Chapter 15

Key Inflection Times of the Day That Set Up Breakouts and Reversals

The market often breaks out or reverses within a bar before or after 7:00 a.m. and 7:30 a.m. PST on economic reports, at 11:30 a.m. PST, and less often around 11 a.m. and noon PST. Very commonly on strong trend days there will be a strong countertrend panic move that will scare people out of their positions, and this normally happens between 11:00 and 11:30 a.m., although it can come earlier or later. Once it is clear that you were fooled by a strong countertrend move, the trend will usually have gone a long way back toward its old extreme, and you and the other greedy traders who were trapped out will chase it, making it go further. What causes the move? Institutions benefit from the sharp countertrend spike because it allows them to add on at much better prices, expecting the trend to resume into the close.
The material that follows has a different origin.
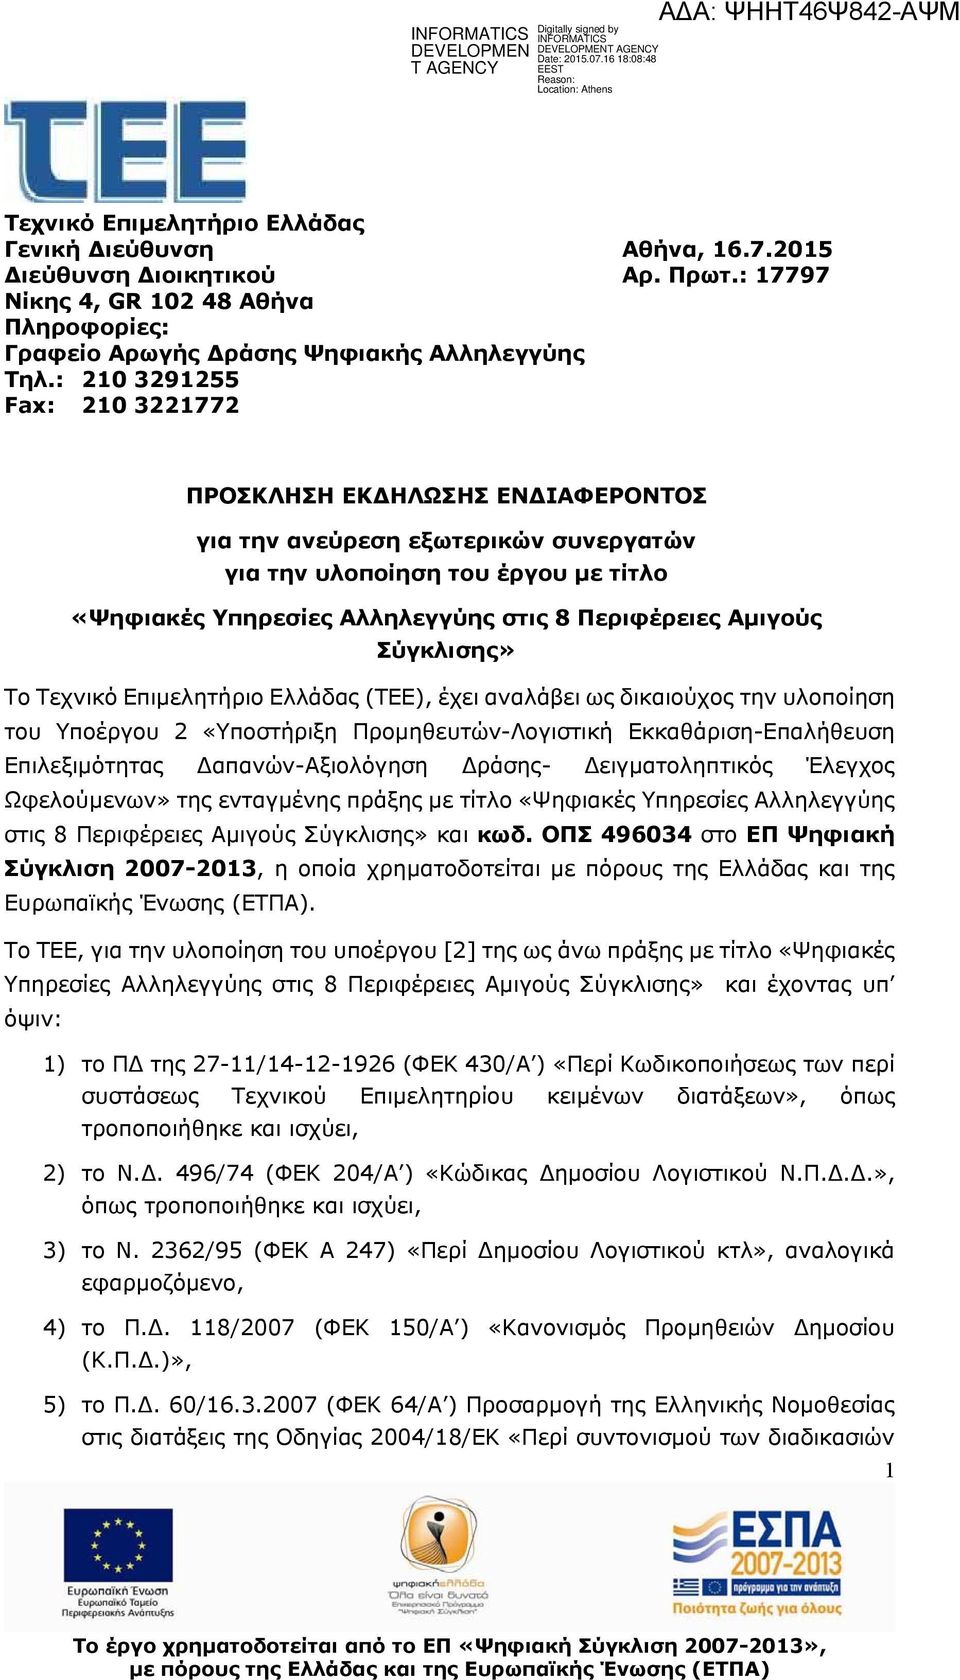 Σύγκλισης» Το Τεχνικό Επιμελητήριο Ελλάδας (ΤΕΕ), έχει αναλάβει ως δικαιούχος την υλοποίηση του Υποέργου 2 «Υποστήριξη Προμηθευτών-Λογιστική Εκκαθάριση-Επαλήθευση Επιλεξιμότητας απανών-αξιολόγηση

If you were an institutional trader who wanted to load up going into the close and you wanted to enter at much better prices, you would be looking to create or contribute to any rumor that could cause a brief panic that ran stops and briefly caused the market to spike beyond some key level. It doesn't matter what the rumor or news item is or whether some institution spreads it to make some money. All that matters is that the stop run gives traders who understand what is going on an opportunity to piggyback on the institutions and make a profit off the failed trend reversal.

The stop-run pullback ...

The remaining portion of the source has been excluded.